ECMP and Stateful Services

It’s not new, this topic has already been discussed many times before, examples are here, here, here and here. When NSX Edges are configured in ECMP mode, none of the stateful services like VPN, NAT or Load Balancing are supported.

From NSX Design Guide:

In ECMP mode, only routing service is available. Stateful services cannot be supported due to asymmetric routing inherent in ECMP-based forwarding.

Even if you didn’t read documentation, but have networking skills, you’d know that protocols like NAT need to track network session state and even if you configure the same NAT rule on all of your ECMP-enabled edges, it won’t work, because due to ECMP, traffic can flow through one ESG on ingress and another ESG on egress. Since NAT tables are not synchronized, ESGs won’t be able to find the corresponding network flow in translation table and will drop the traffic.

ECMP and Firewall

But there’s another issue that doesn’t always come across or simply get forgotten about. You can deploy ESGs in ECMP mode, not configure any of the stateful services like VPN, NAT or LB, but still get network communication issues. Why? Because when you deploy an ESG, you always end up with firewall in enabled state. Firewall is also considered a stateful service.

From VVD 5.1 documentation:

SDDC-VISDN-032: For all ESGs deployed as ECMP North-South routers, disable the firewall. Use of ECMP on the ESGs is a requirement. Leaving the firewall enabled, even in allow all traffic mode, results in sporadic network connectivity. Services such as NAT and load balancing cannot be used when the firewall is disabled.

In fact, firewall is what actually tracks sessions and drops packets that don’t match existing network flows, not NAT itself. That’s also the reason why services like NAT and LB don’t work without firewall being enabled.

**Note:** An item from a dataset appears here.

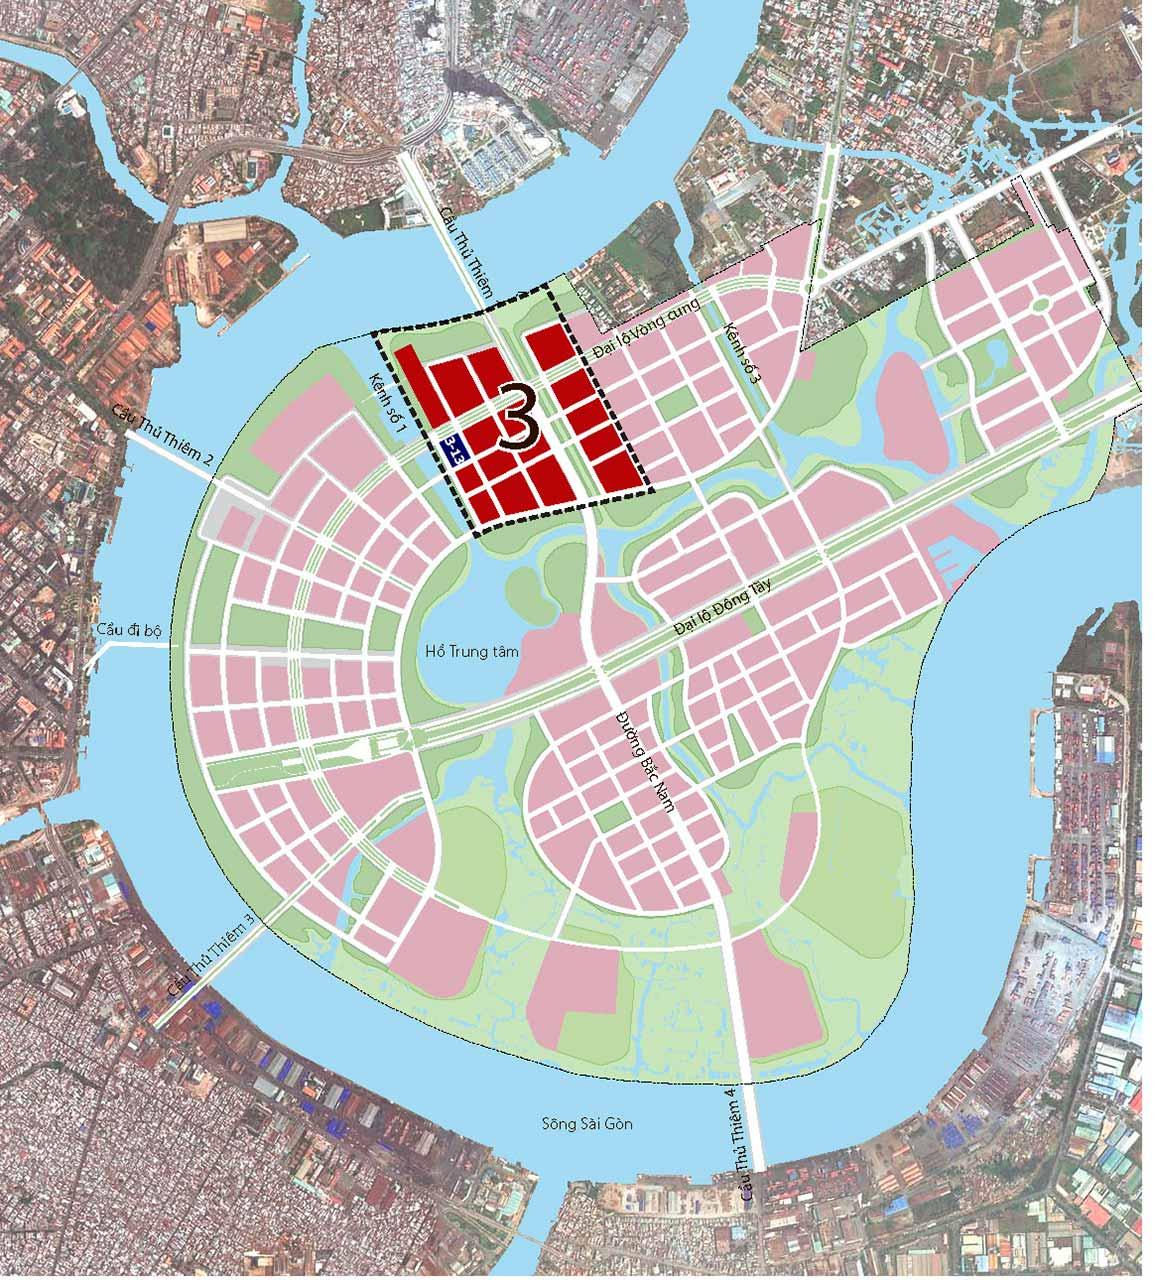 Vị trí dự án Riverfront Residences tại Thủ Thiêm
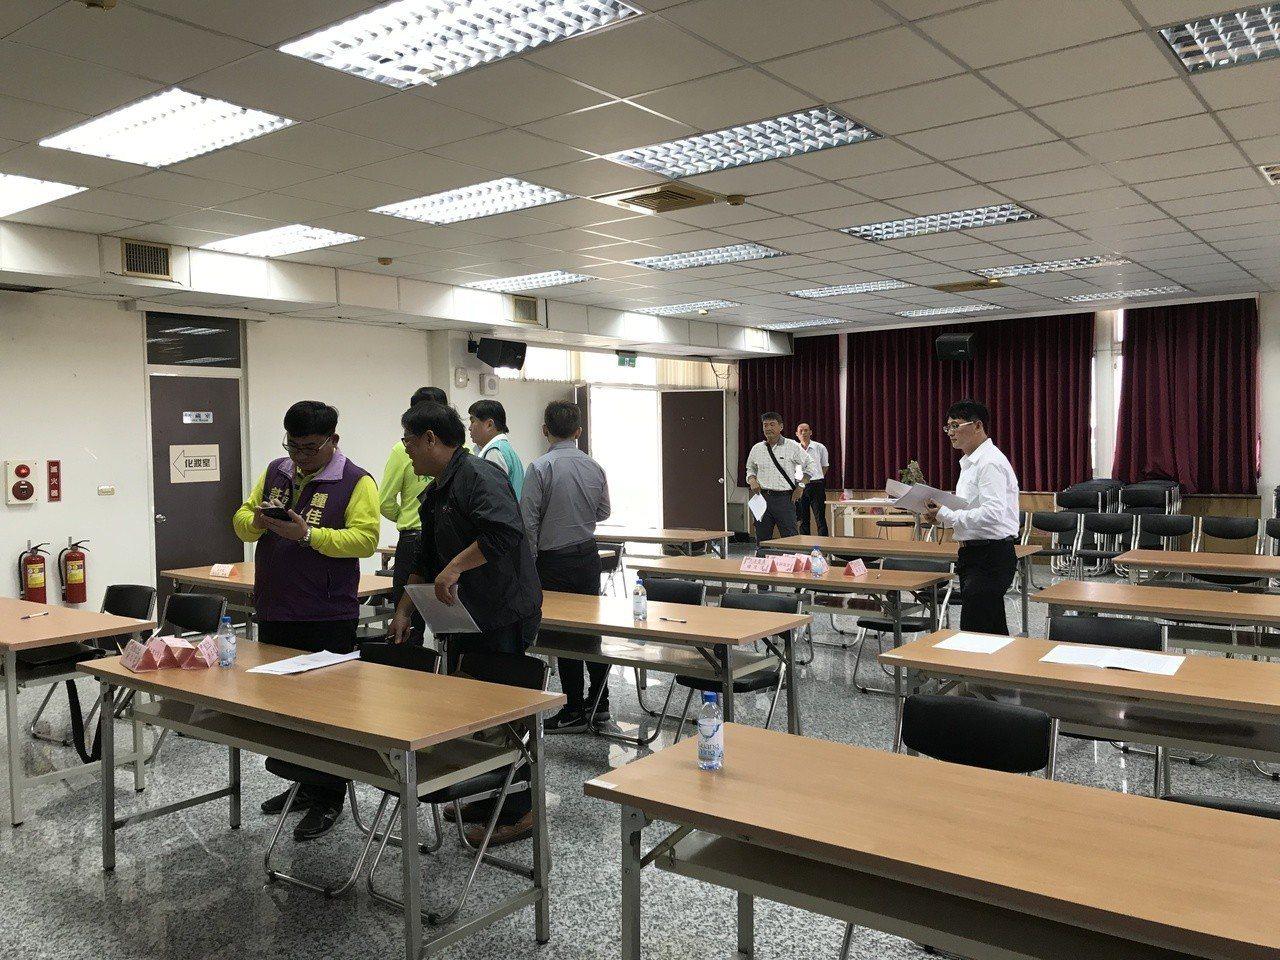 屏東縣選委會今天舉辦選舉區劃分公聽會,僅20多人到場參加,並無立委本人到場。記者...

It often throws people off, because even having no rules in the firewall and setting default policy to accept will not prevent this issue from happening.

Demo

Here is a quick demonstration. I’m trying to establish an SSH session to a VM connected to a DLR behind two ESGs in ECMP mode.

I’m showing packet debug on both ESGs using the following command:

> debug packet display follow interface vNic_1 port_22

As you can see ingress traffic goes through E1 and egress traffic goes through E2:

E1: Packet Capture

E2: Packet Capture

Since session originated on E1, E2 interprets packets as invalid and immediately drops them:

From NSX Troubleshooting Guide:

Check for an incrementing value of a DROP invalid rule in the POST_ROUTING section of the show firewall command. Typical reasons include:

  • Asymmetric routing issues

Conclusion

It’s easy to end up in this situation, because firewall is enabled by default on a newly deployed ESG. And it’s hard to troubleshoot this issue, since it’s not quite obvious what’s actually going on unless you’ve already worked with ECMP before. So the best advice in this case is just to remember, if you want to use ECMP in NSX, make sure to disable firewall on ECMP-enabled ESGs. Use distributed firewall (DFW) instead.

Run CLI Commands on NSX Manager Using REST API

August 29, 2019

Over the last few years I’ve had a chance to work with NSX-V REST APIs in many different shapes and forms. Directly from vRealize Orchestrator and PowerShell/PowerNSX, indirectly from vRealize Automation or simply by making calls from Postman, which is sometimes required during NSX deployment and upgrades.

To date I haven’t been able to find any gaps in the API and can say only good things about it. It is very well documented. You can find detailed descriptions of all requests in NSX API Guide PDF or interactively browse it in API explorer on https://code.vmware.com.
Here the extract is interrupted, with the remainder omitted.